- **Source data**:
---+---
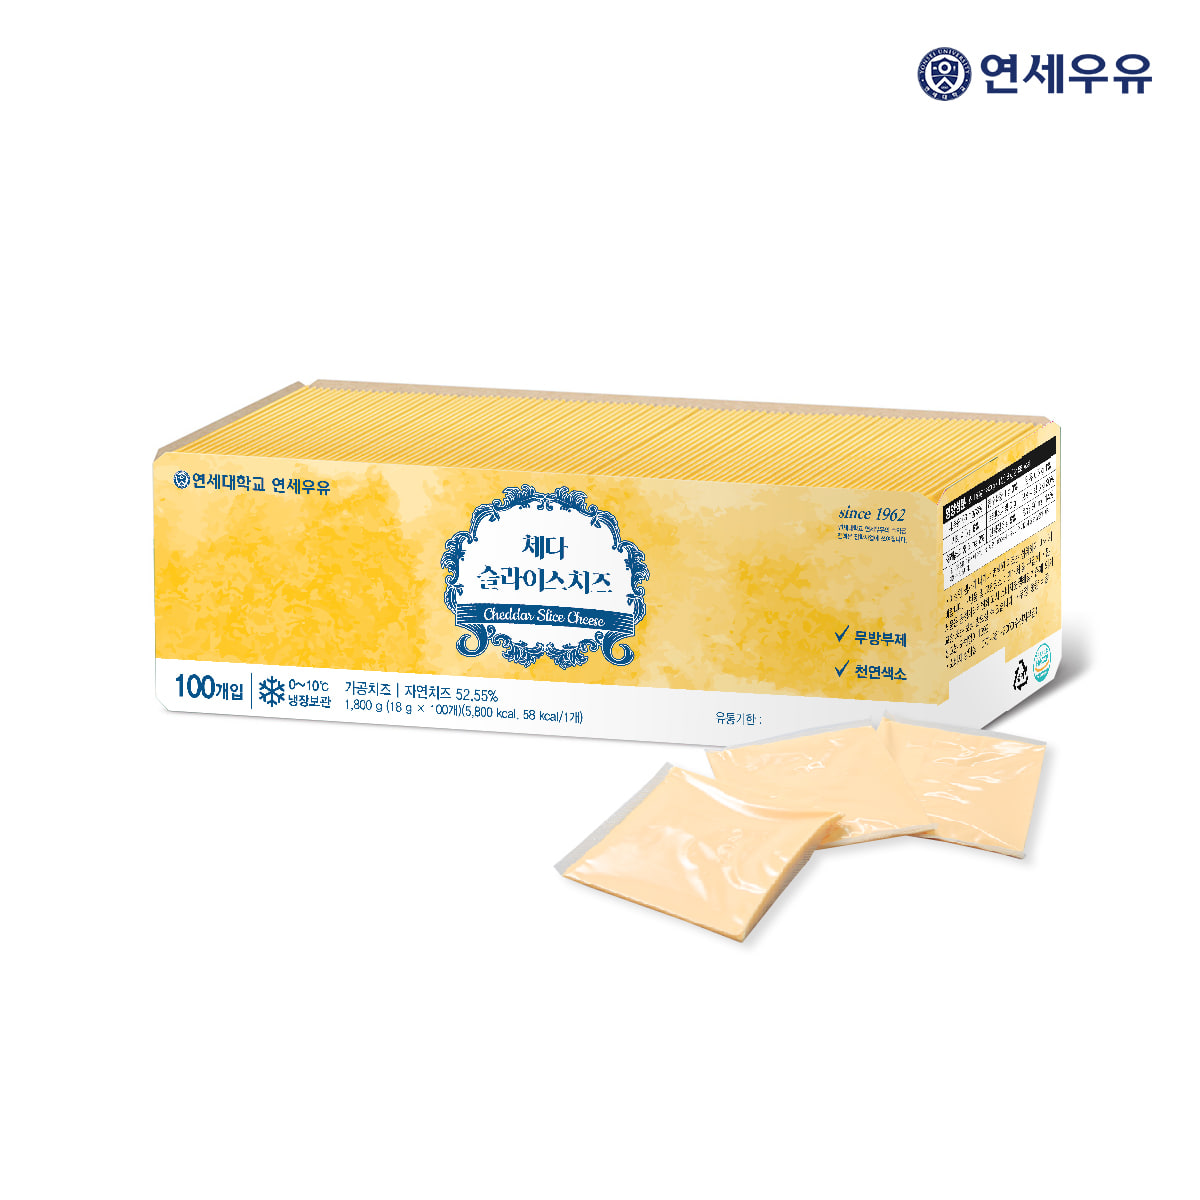 연세우유 체다 슬라이스 치즈 1800g (100매) - 델리스
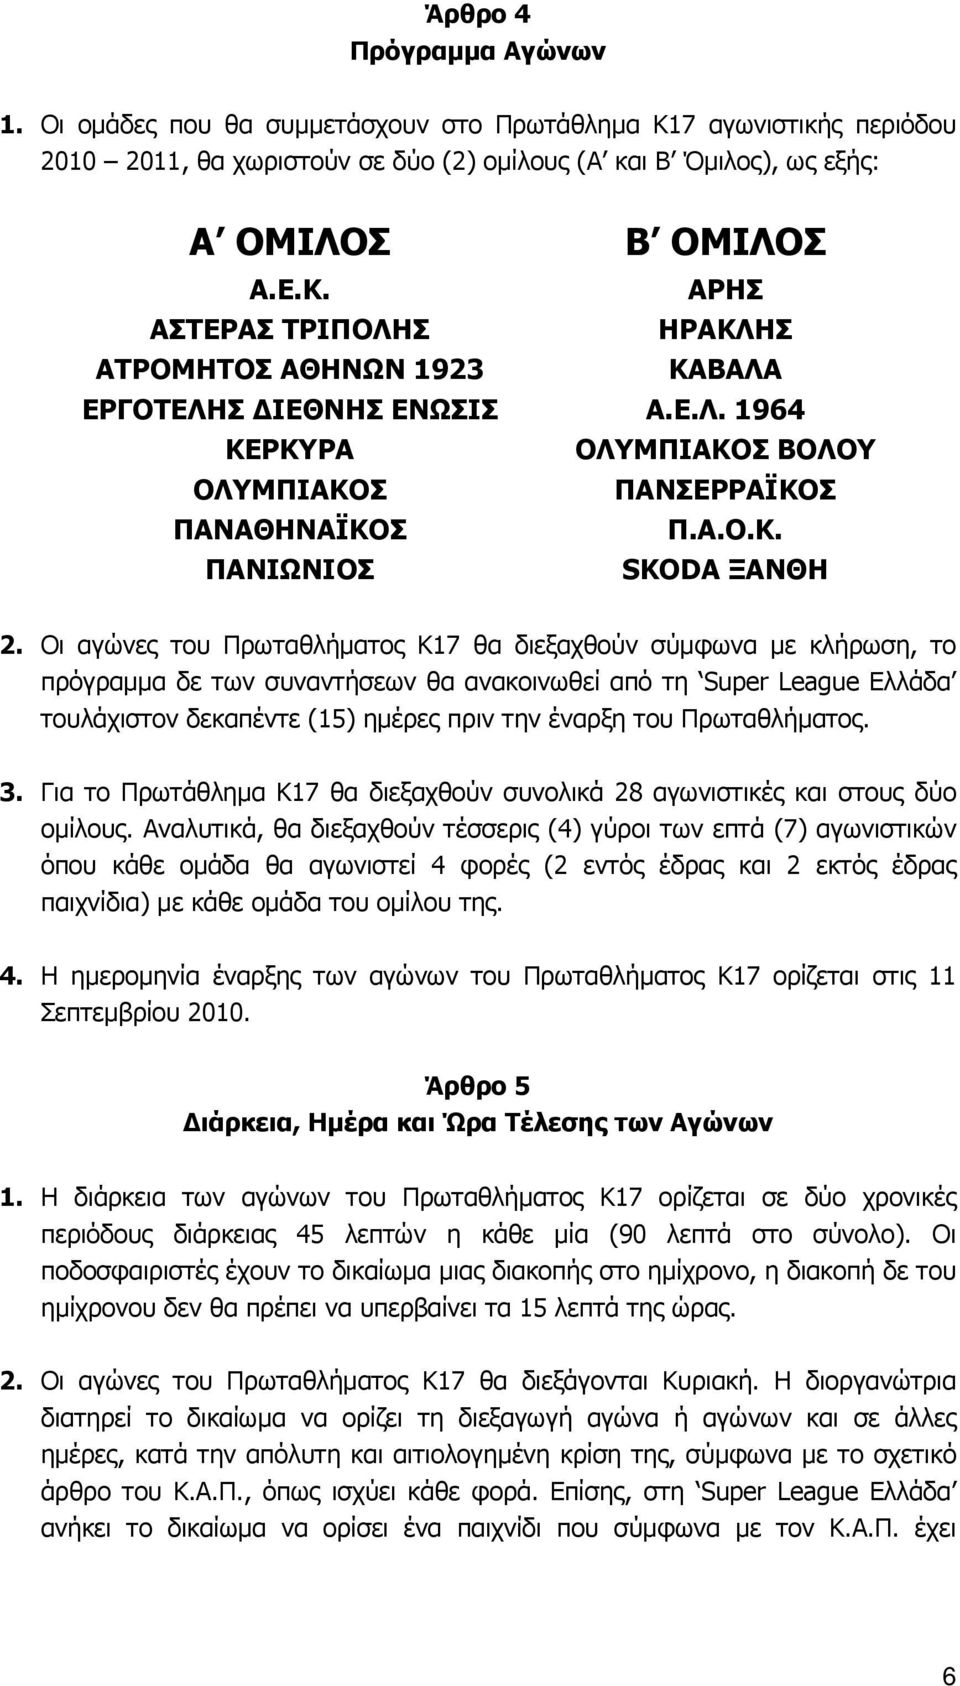 Οι αγώνες του Πρωταθλήματος Κ17 θα διεξαχθούν σύμφωνα με κλήρωση, το πρόγραμμα δε των συναντήσεων θα ανακοινωθεί από τη Super League Ελλάδα τουλάχιστον δεκαπέντε (15) ημέρες πριν την έναρξη του
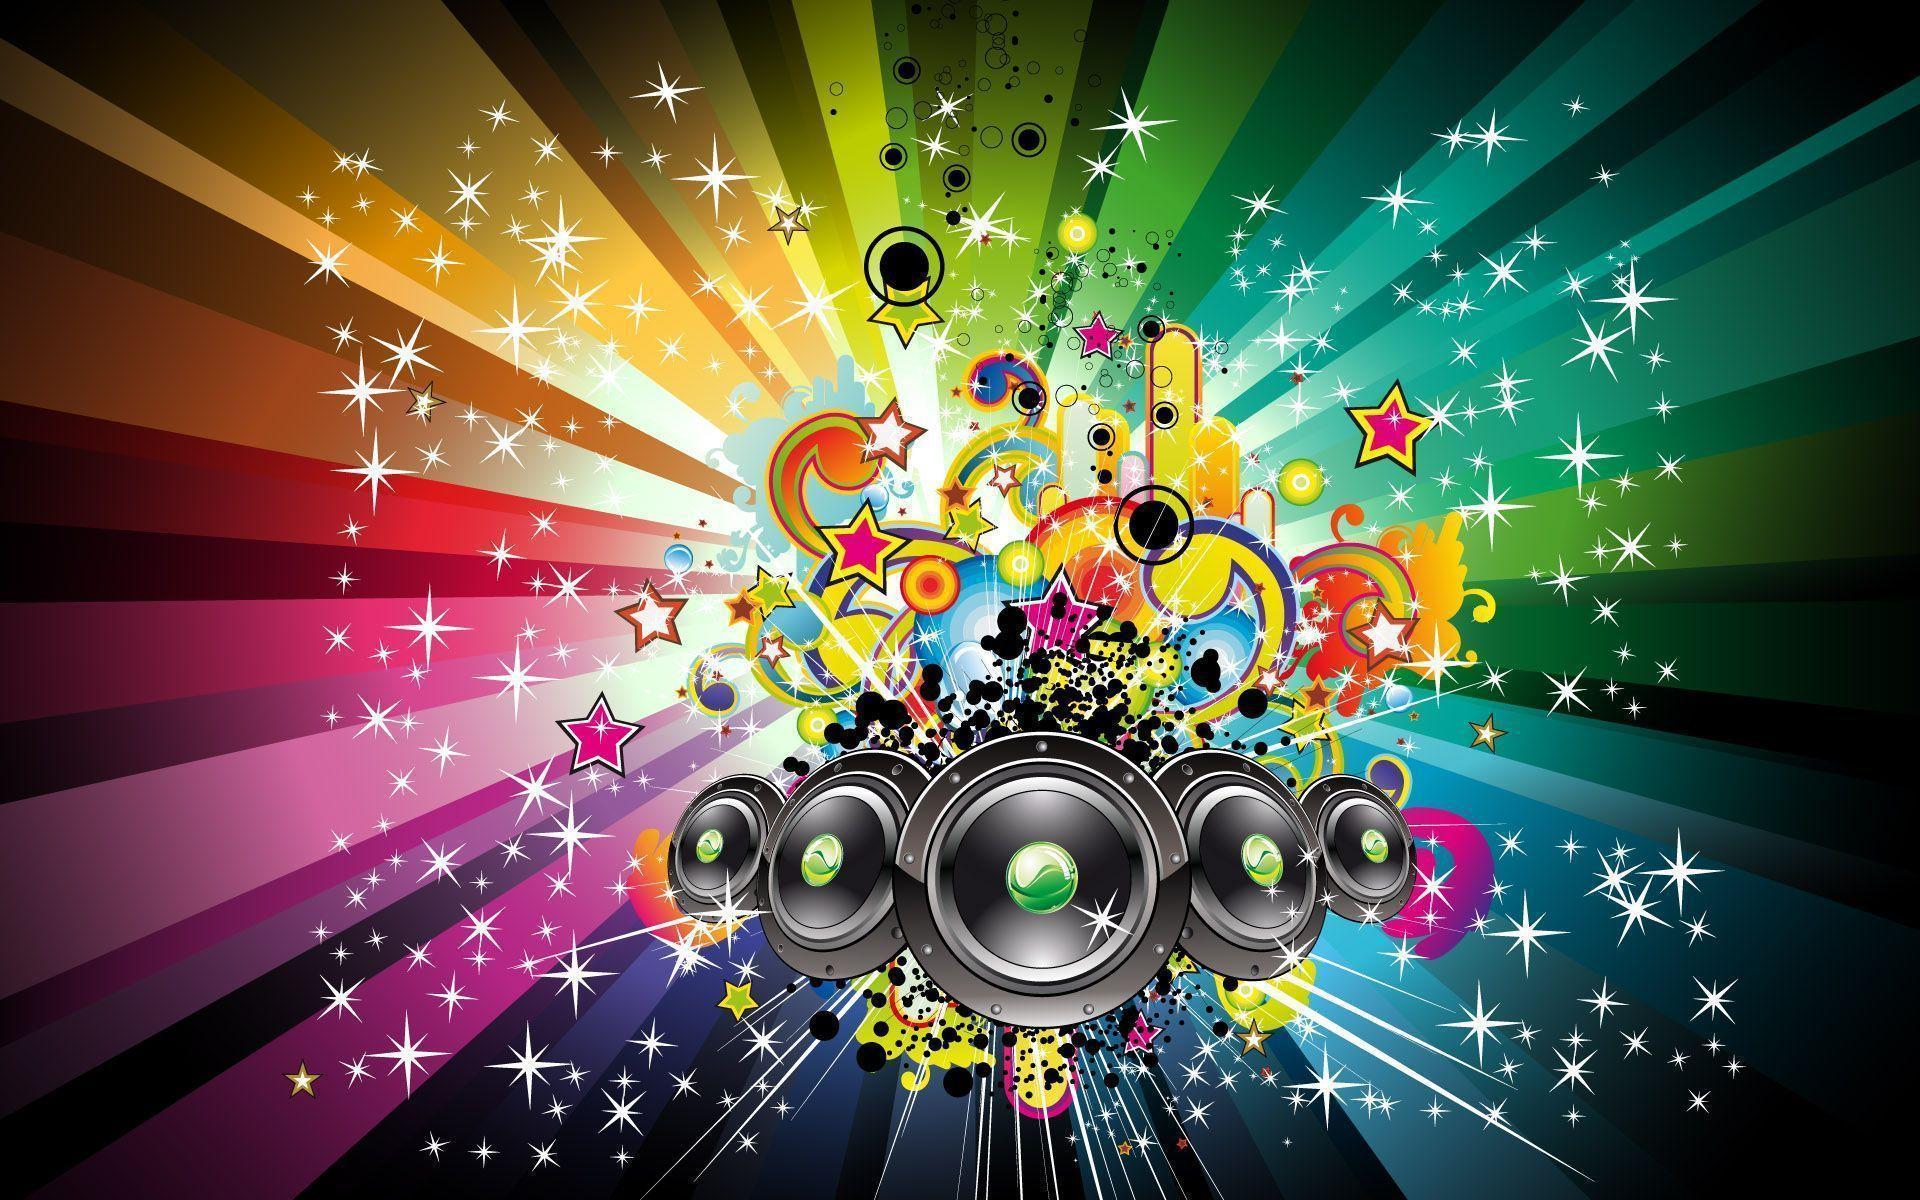 Rainbow speaker digital art for music desktop wallpaper. Finest
---+---
- **Problem requirements**: Return the full listing above exactly as written, and omit the pictures.

- **Your response**:
 연세우유 체다 슬라이스 치즈 1800g (100매) - 델리스
 Οι αγώνες του Πρωταθλήματος Κ17 θα διεξαχθούν σύμφωνα με κλήρωση, το πρόγραμμα δε των συναντήσεων θα ανακοινωθεί από τη Super League Ελλάδα τουλάχιστον δεκαπέντε (15) ημέρες πριν την έναρξη του
 Rainbow speaker digital art for music desktop wallpaper. Finest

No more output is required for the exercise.